An evil or an angel?

Architecture students in the studio are always asked the same question: "How could you preserve the local values while still imposing a new kind of architecture?". Actually the approach of this question is different from person to person and it potentially creates either an evil or an angel.

Many architecture students are still struggling to highlight the local values in their design. On the one hand, the globalization and the international style have enforced the students to come up with rectangle boxes within the large glass facades. They just try to present the modernity in their design without any actual meanings behind. An obviously those designs are completely separated from the local context.

On the other hand, some try to simulate the design of local architectures (could be exterior, interior or both). That is just the "simple-minded attempts to revive the hypothetical forms of a lost vernacular". Actually those designs are not able to survive in the modern society where there are a range of new relations and interactions between designers and users, buildings and users and even public community.
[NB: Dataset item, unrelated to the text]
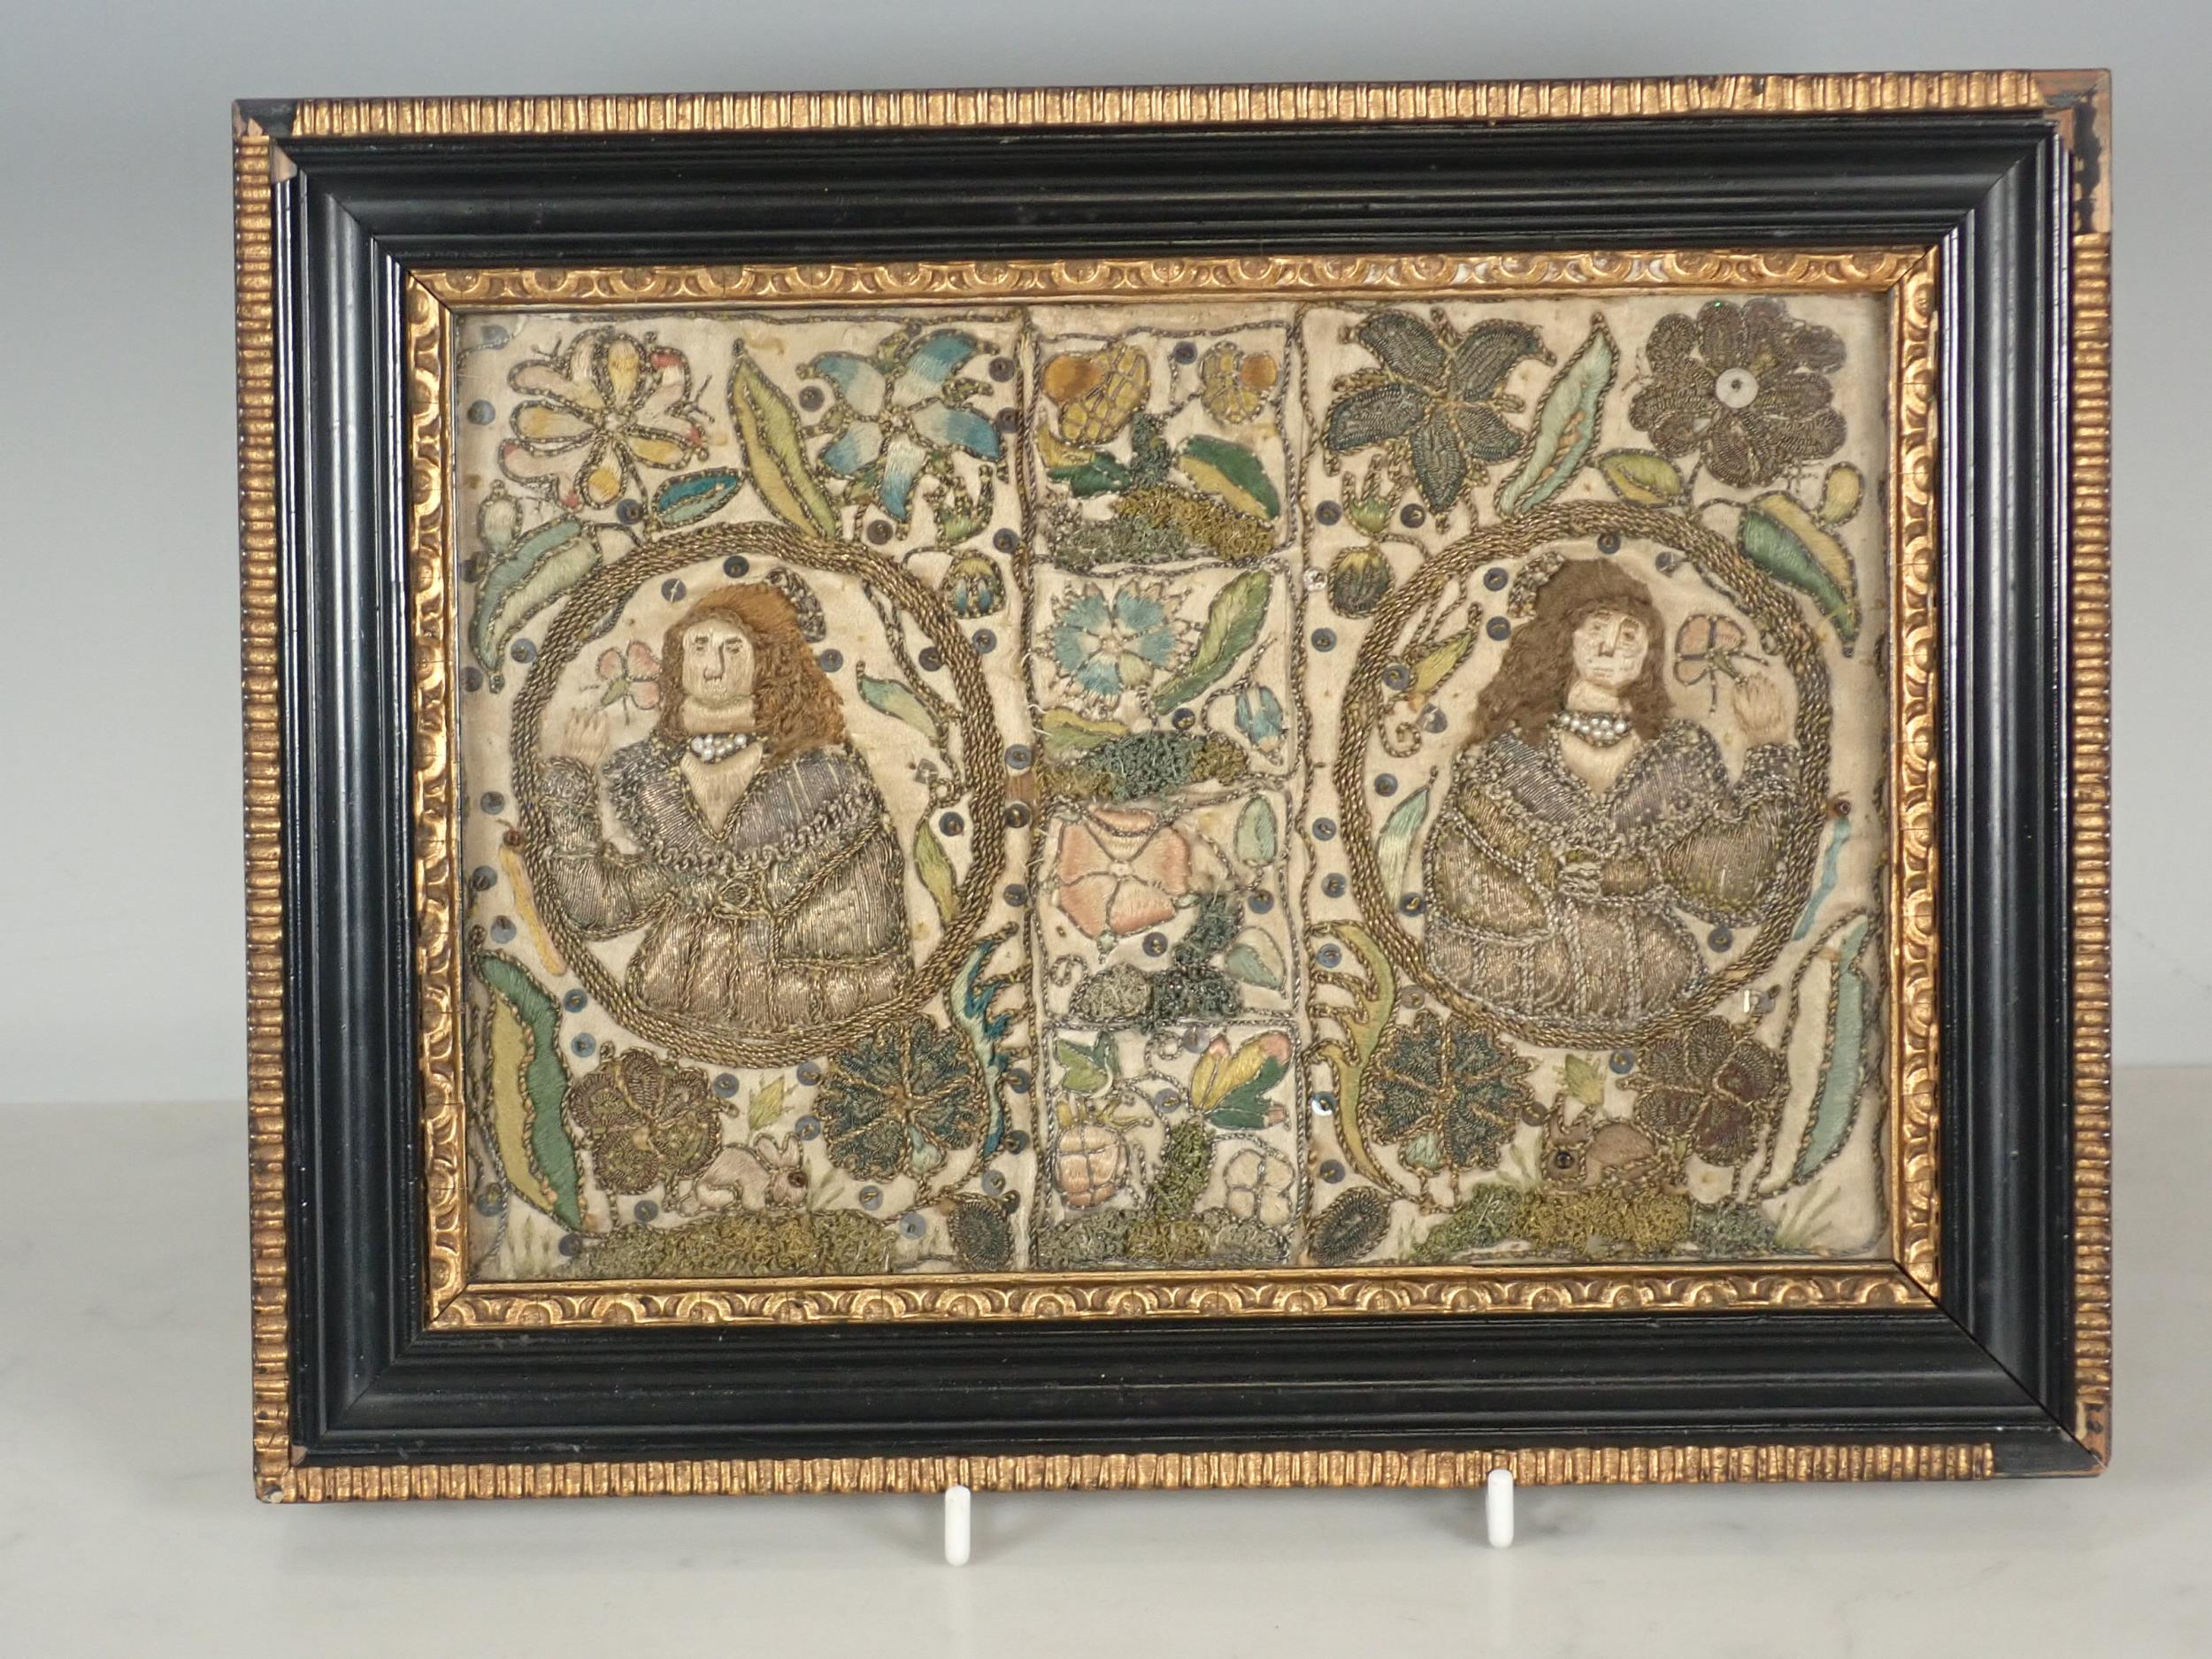 A 17th Century Stumpwork Panel depicting two portraits of figures with floral motifs in gold and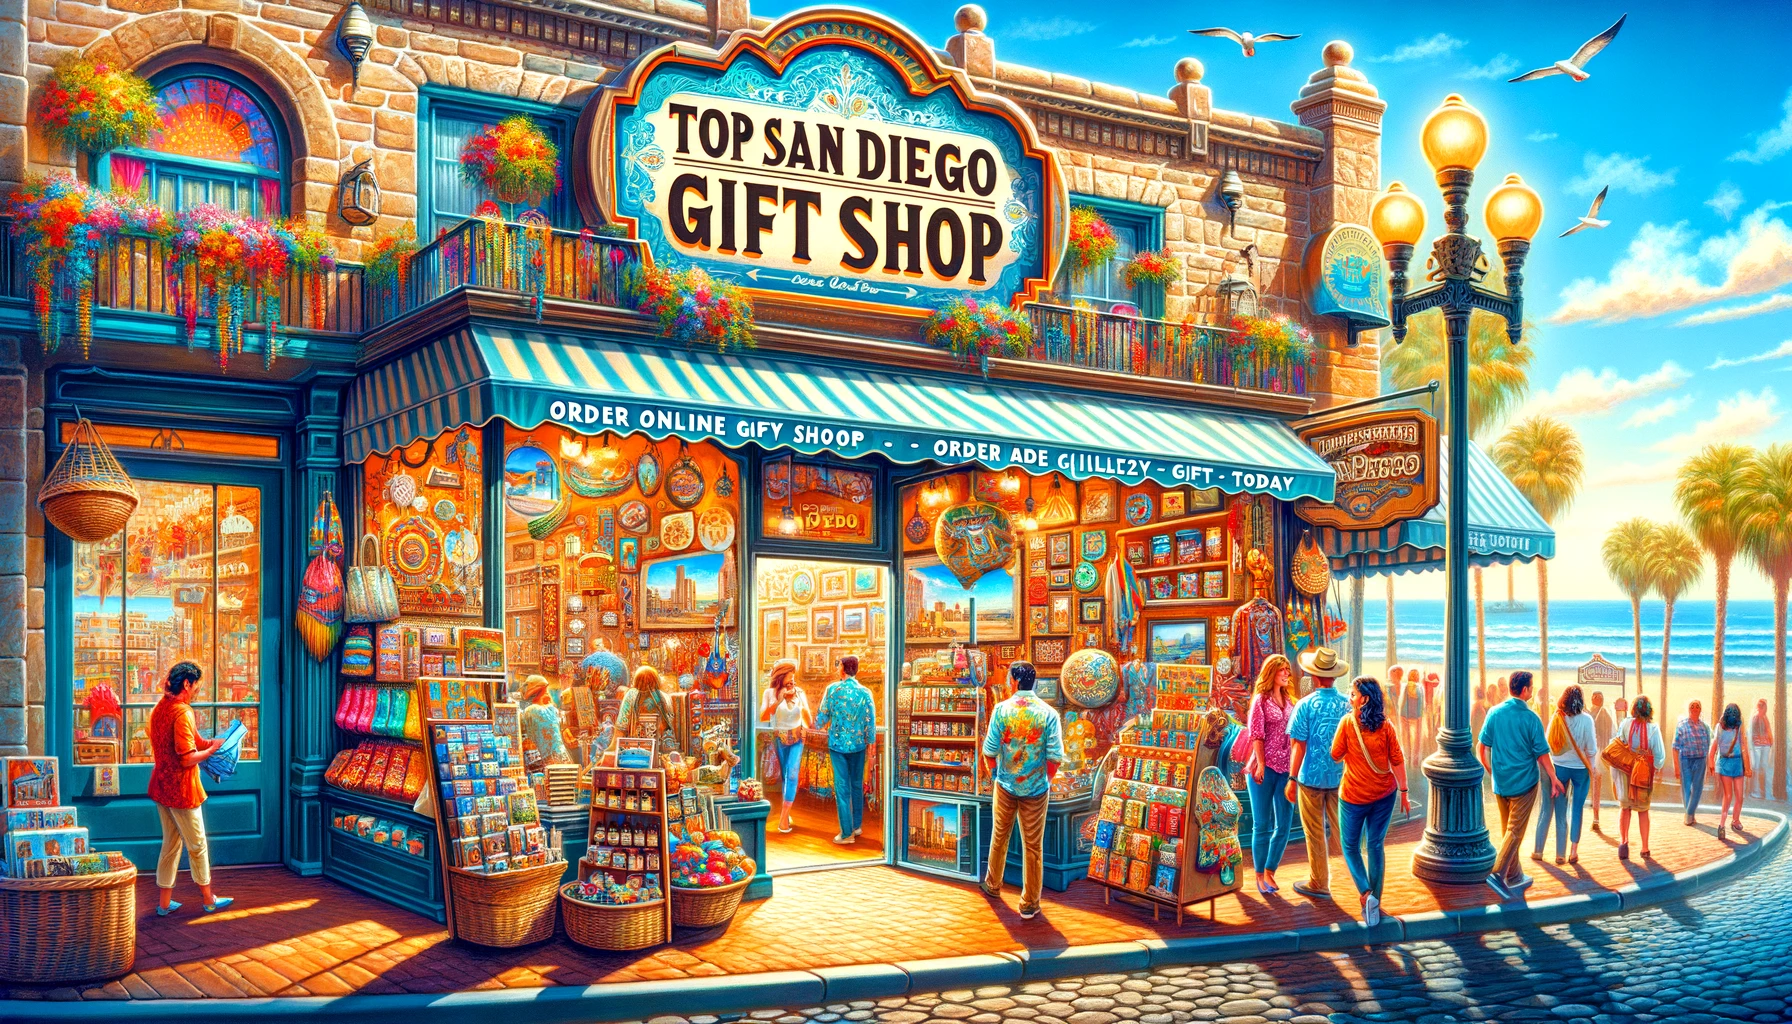 A lively San Diego gift shop with diverse customers browsing unique local products.

I think that the answer for the question above lie on "the self-conscious synthesis between universal civilization and world culture". It is hard to reject the universal civilization when it provides a super convenient and useful tool as well as the cutting edge technology. They allow to create the new types of architecture which solve the new relations among designer, owners and users and also adapt the changes of environment. World culture could expose on the exterior or interior or even behind the design concept. The cultural values do not need to be a specific form but they could be the feeling or the tactile resilience which we can see in the design of Saynatsalo Town Hall, Alvar Aalto.

Comments

  1. Respect the old but don't be afraid of the new.